*** Begin section ***
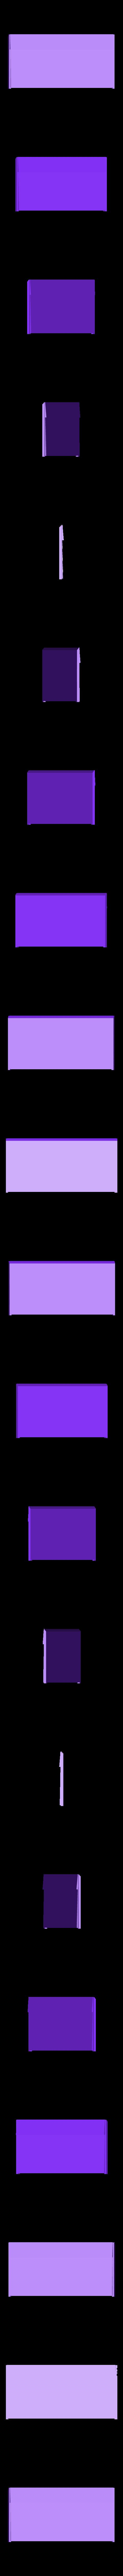 r_barn_roof.stl Télécharger fichier STL gratuit Saxon Barn 2 • Objet imprimable en 3D, Earsling
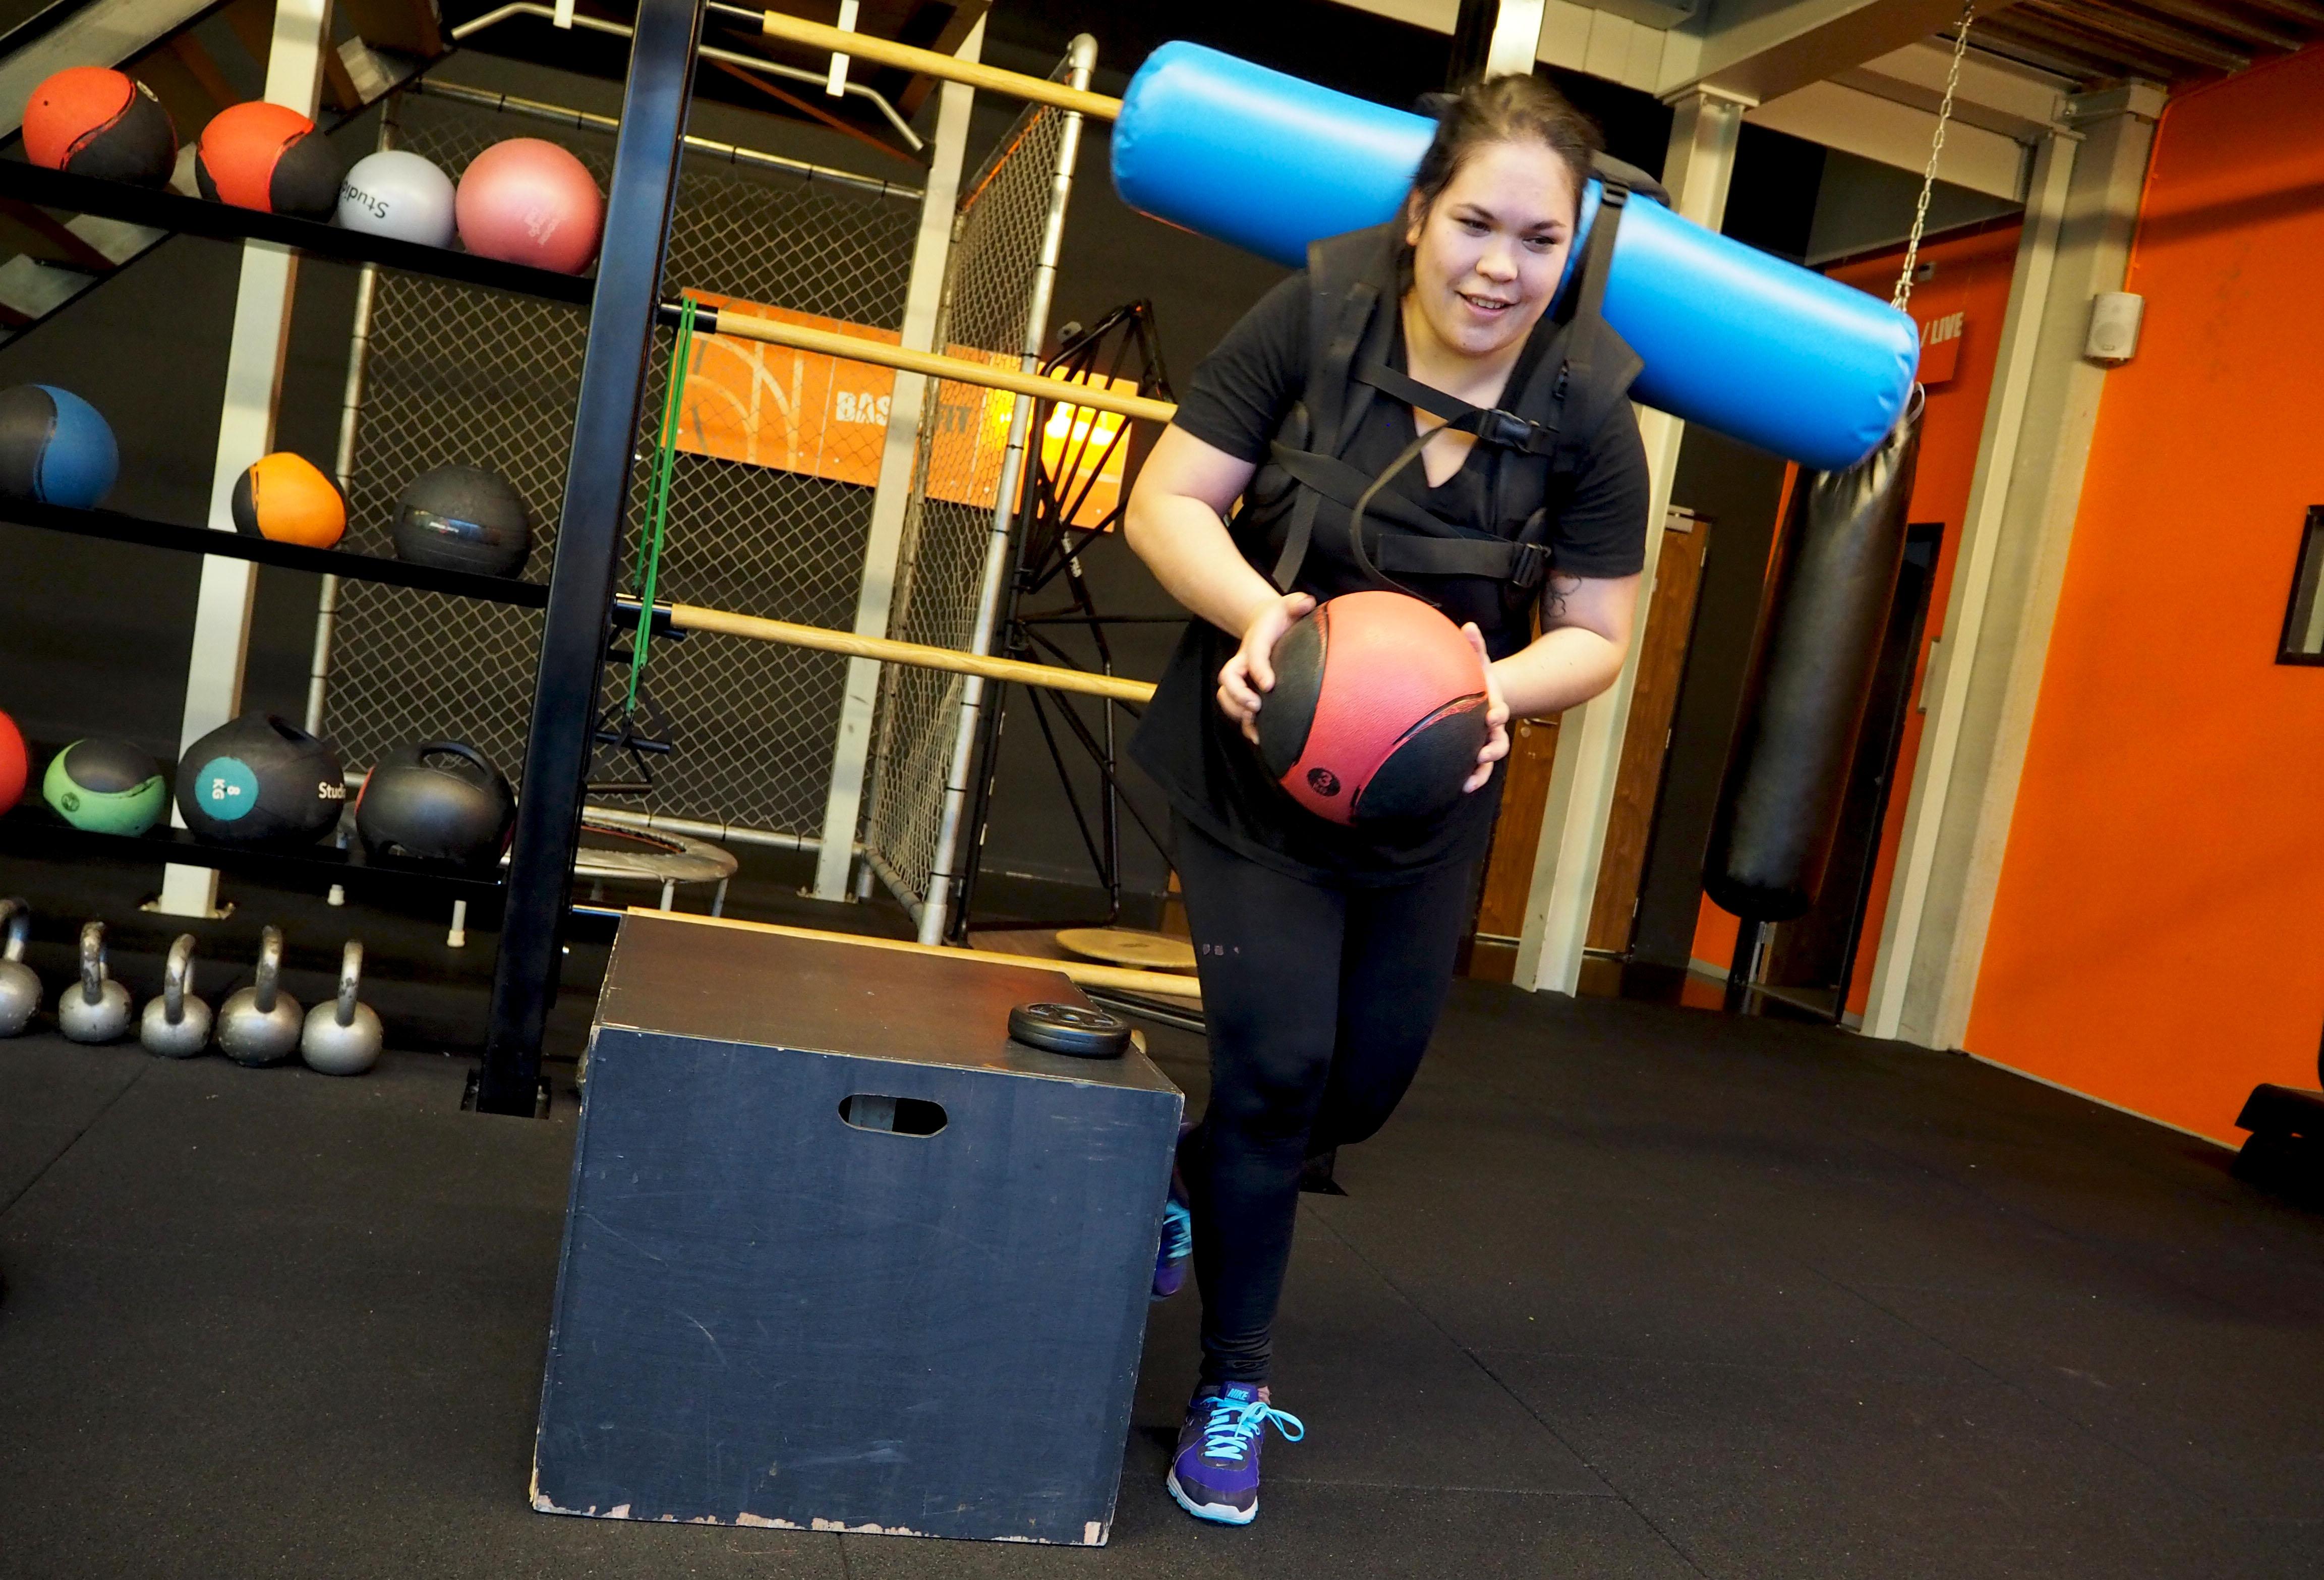 aqua bags BFIT personal training
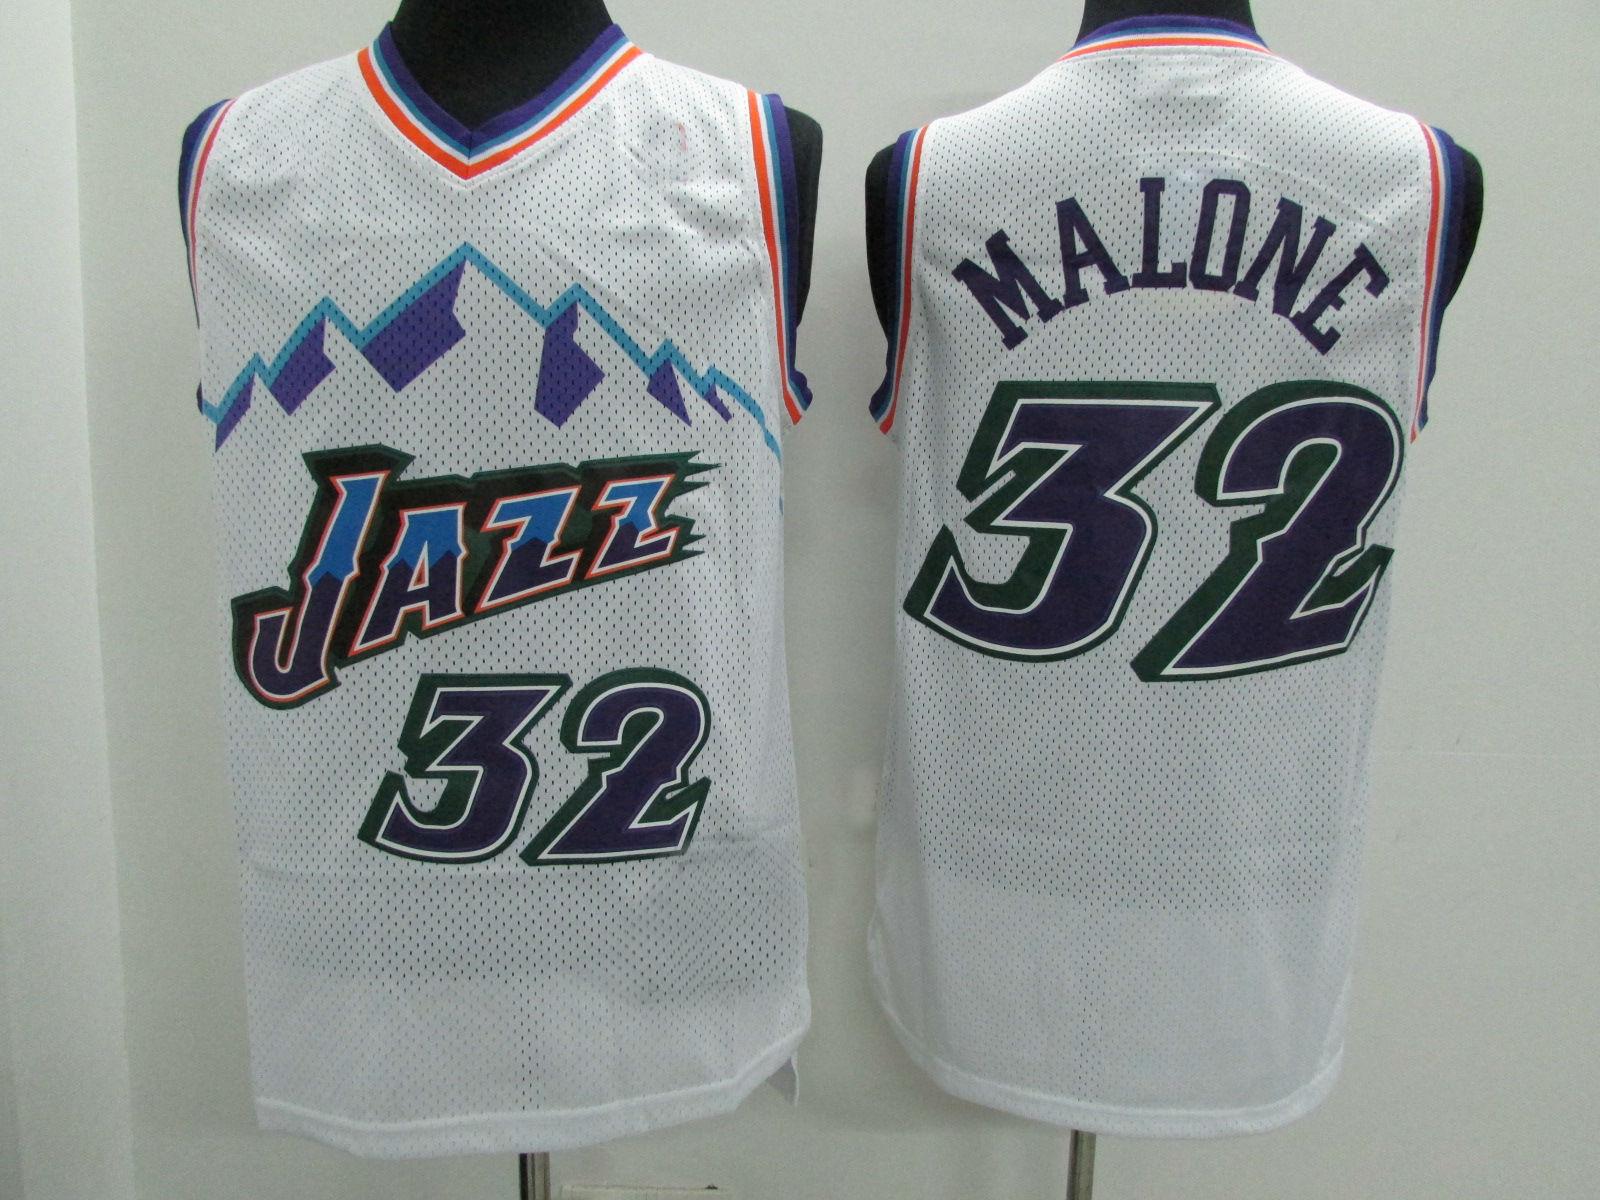 8d1d957d2e46 Utah Jazz Retro Jerseys  32 Malone White Throwback Basketball Jersey ...
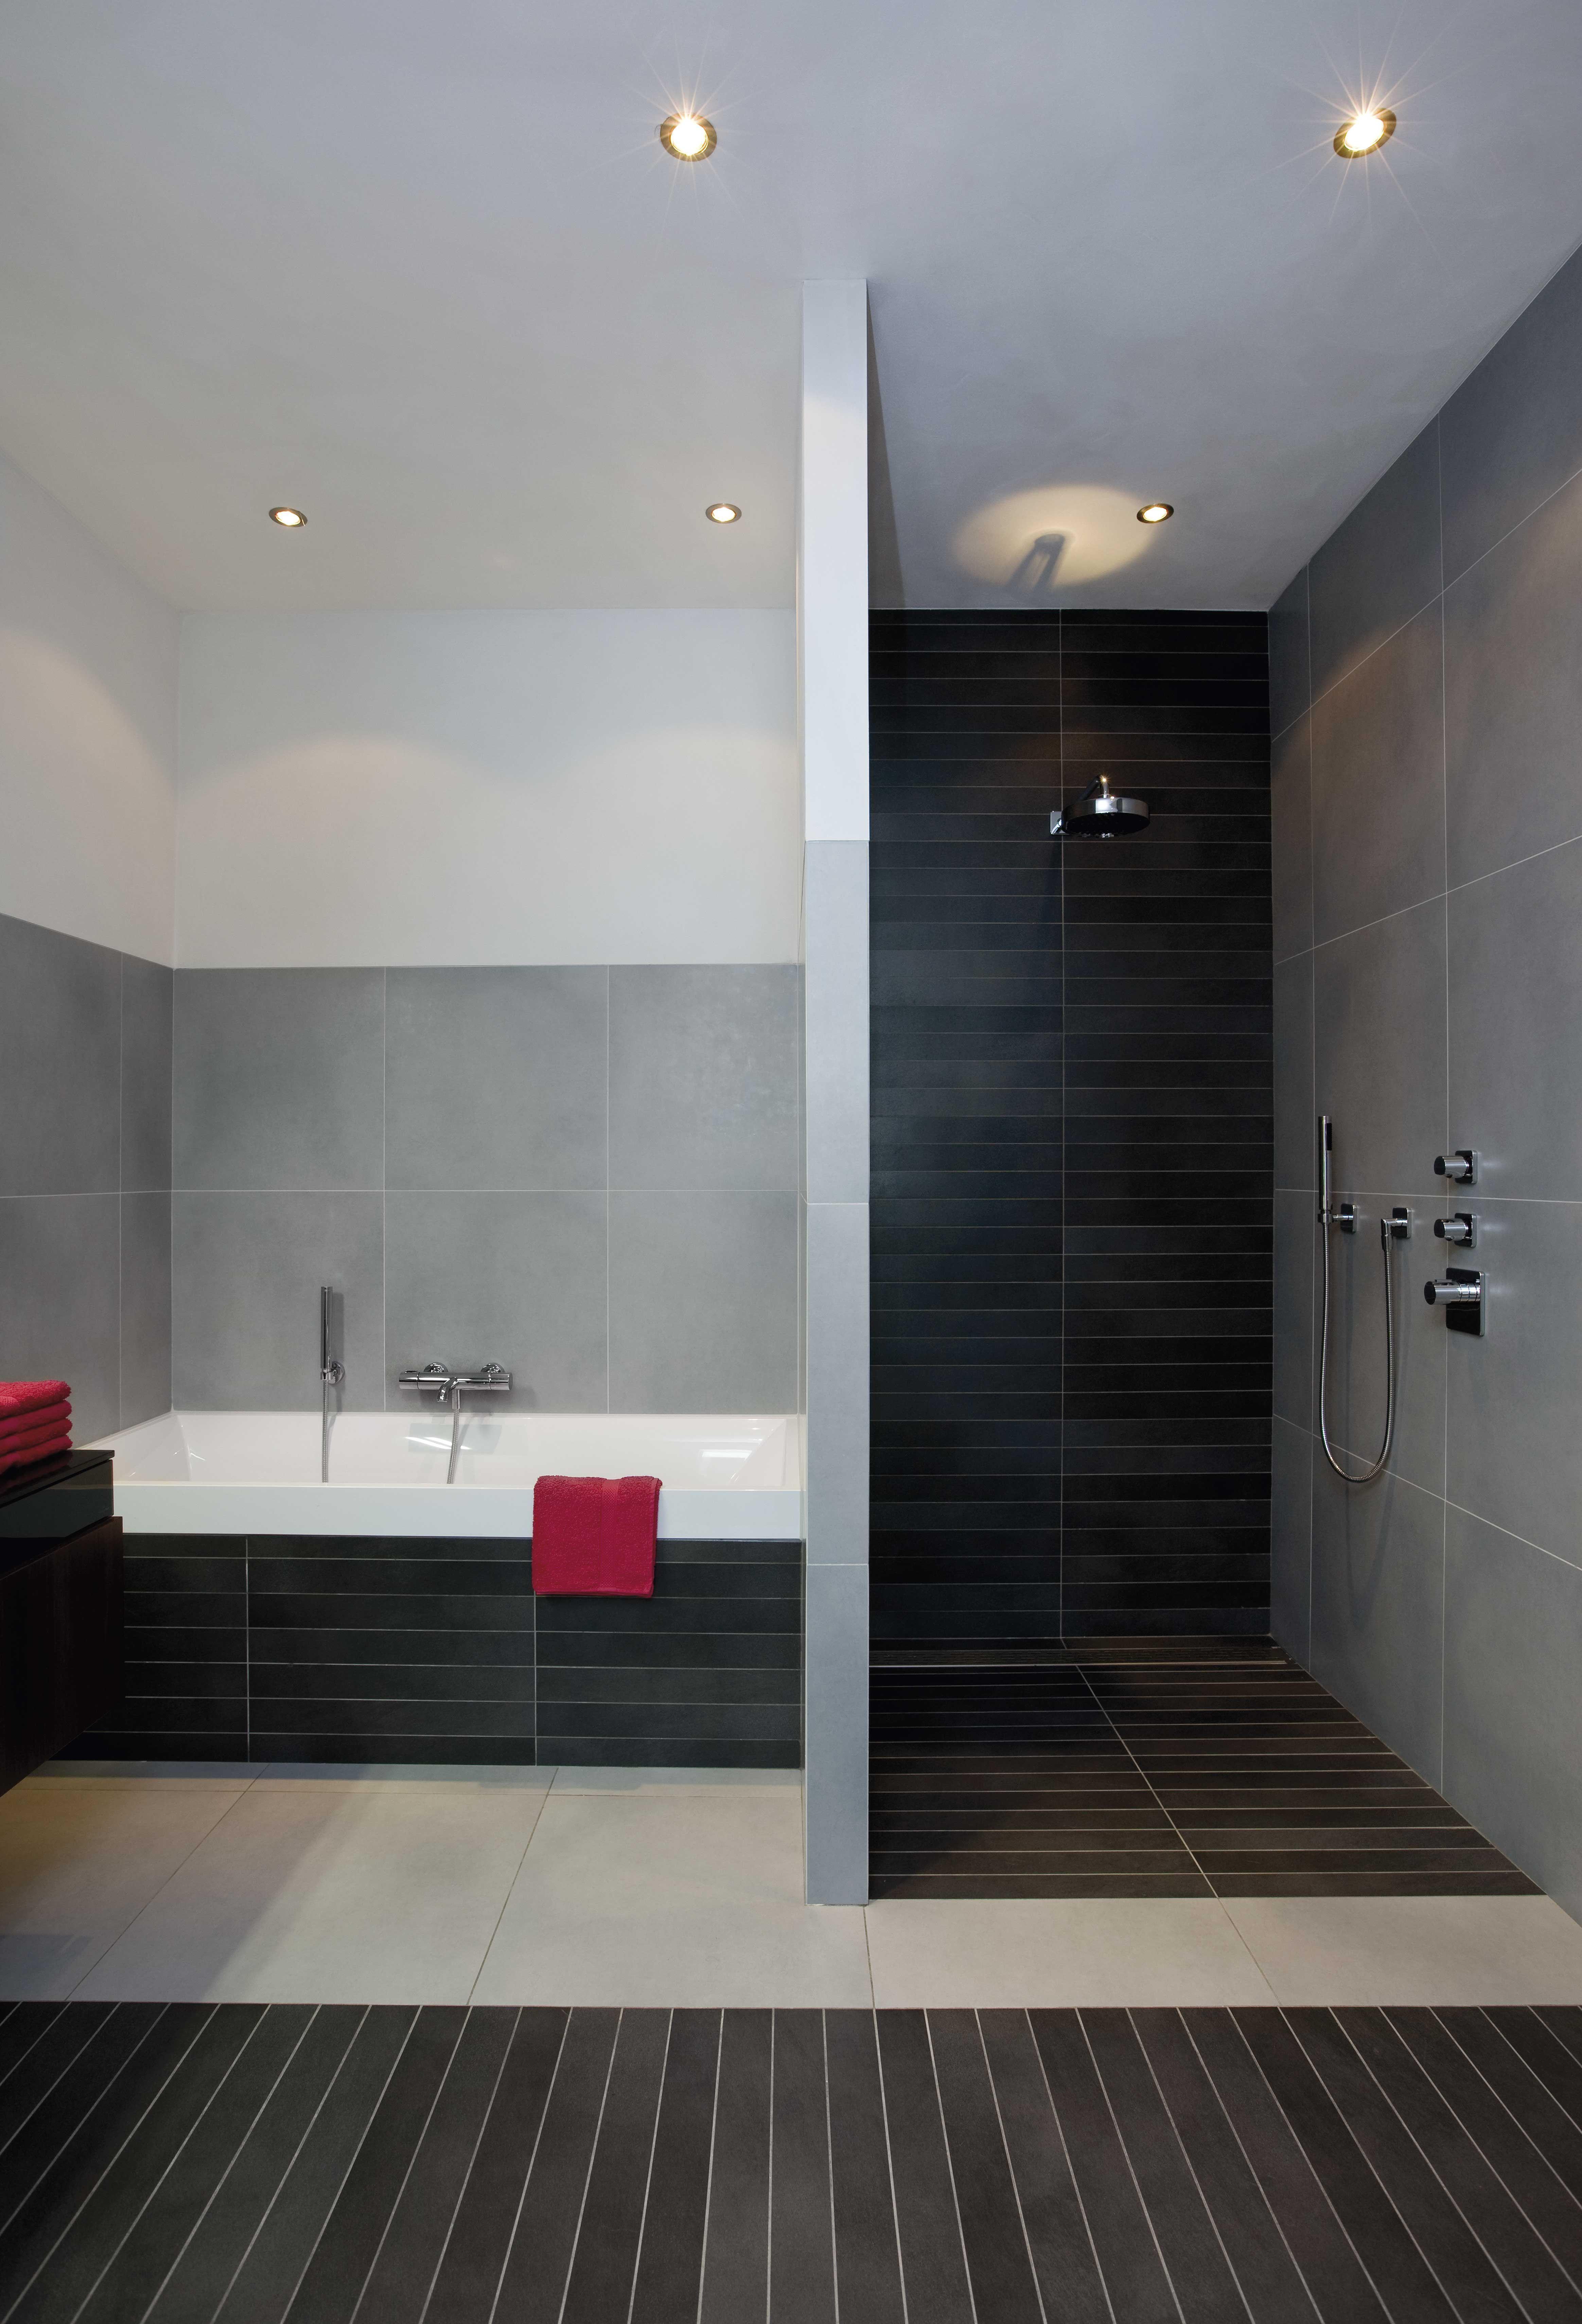 13+ Dazzling Minimalist Decor Ceilings Ideas
*** End section ***
Exact copy, no pictures: please print the data above once more.

 r_barn_roof.stl Télécharger fichier STL gratuit Saxon Barn 2 • Objet imprimable en 3D, Earsling
 aqua bags BFIT personal training
 8d1d957d2e46 Utah Jazz Retro Jerseys  32 Malone White Throwback Basketball Jersey ...
 13+ Dazzling Minimalist Decor Ceilings Ideas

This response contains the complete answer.